▶

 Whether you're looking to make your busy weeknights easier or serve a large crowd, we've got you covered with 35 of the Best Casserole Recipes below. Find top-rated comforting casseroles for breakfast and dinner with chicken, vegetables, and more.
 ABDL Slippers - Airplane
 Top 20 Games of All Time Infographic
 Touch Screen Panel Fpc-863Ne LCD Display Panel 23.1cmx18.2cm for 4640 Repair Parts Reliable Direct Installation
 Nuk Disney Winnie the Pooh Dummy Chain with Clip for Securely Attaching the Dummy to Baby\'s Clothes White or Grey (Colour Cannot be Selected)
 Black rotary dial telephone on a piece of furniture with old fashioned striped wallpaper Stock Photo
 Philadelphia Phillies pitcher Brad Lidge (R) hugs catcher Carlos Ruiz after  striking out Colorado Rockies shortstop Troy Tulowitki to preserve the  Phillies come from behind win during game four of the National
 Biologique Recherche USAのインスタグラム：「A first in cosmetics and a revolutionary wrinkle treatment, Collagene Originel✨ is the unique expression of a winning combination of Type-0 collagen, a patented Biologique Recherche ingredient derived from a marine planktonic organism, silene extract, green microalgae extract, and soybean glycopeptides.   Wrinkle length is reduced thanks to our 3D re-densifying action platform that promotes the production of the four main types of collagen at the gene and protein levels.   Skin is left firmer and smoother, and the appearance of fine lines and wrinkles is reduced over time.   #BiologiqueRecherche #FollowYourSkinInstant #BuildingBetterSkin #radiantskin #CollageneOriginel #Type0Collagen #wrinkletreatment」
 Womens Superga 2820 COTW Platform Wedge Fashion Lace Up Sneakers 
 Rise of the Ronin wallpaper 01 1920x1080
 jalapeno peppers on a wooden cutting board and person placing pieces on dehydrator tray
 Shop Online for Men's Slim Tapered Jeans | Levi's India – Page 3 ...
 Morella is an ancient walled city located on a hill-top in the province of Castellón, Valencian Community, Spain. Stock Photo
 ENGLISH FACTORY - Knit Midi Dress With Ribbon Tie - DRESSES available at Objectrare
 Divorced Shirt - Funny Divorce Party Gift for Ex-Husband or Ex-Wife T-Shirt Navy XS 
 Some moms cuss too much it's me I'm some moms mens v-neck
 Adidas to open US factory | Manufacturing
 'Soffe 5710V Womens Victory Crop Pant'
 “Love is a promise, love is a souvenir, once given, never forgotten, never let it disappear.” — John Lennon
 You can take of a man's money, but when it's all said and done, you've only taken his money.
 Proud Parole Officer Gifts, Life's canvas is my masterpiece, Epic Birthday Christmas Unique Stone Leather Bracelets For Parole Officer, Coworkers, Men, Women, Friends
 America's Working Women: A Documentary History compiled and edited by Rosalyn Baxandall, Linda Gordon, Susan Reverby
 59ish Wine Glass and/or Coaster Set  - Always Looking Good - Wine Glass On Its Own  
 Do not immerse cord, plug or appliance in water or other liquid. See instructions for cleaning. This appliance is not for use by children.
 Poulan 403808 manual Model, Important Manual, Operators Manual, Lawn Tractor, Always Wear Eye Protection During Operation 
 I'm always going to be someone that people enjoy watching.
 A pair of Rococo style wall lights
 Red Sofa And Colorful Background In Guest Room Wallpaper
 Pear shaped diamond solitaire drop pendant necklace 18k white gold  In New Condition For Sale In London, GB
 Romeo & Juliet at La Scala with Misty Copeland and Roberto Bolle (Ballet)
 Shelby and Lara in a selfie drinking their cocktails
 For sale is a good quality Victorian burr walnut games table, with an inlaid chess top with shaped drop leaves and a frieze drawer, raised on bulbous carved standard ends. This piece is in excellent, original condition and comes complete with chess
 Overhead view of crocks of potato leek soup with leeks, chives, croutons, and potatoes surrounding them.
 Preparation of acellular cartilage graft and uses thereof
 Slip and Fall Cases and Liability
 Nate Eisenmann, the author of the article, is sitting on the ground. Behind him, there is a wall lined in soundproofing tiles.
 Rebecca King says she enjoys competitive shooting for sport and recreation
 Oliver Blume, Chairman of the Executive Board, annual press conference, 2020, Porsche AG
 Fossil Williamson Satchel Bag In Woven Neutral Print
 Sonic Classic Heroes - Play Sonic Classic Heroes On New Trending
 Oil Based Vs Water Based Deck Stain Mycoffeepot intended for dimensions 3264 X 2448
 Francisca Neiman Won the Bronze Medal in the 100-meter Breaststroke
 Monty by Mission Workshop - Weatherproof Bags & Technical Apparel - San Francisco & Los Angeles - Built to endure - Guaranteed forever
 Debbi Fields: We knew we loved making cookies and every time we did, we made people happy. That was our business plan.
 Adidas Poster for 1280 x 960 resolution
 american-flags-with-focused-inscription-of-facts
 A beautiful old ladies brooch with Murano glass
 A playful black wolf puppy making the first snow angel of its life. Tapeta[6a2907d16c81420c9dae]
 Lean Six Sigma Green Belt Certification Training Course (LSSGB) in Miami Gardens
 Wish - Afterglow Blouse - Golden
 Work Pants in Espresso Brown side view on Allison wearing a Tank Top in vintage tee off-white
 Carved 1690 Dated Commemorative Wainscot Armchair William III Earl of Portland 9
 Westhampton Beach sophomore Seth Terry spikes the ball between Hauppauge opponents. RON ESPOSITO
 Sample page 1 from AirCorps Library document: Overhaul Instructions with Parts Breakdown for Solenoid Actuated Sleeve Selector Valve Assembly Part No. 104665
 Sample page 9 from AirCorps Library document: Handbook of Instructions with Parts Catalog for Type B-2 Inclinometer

◀

• [WHAT YOU HAVE TO DO]: Determine the number of lines in the listing that contain the word "drop", and respond with nothing but that number.

• [ANSWER SPACE]: 2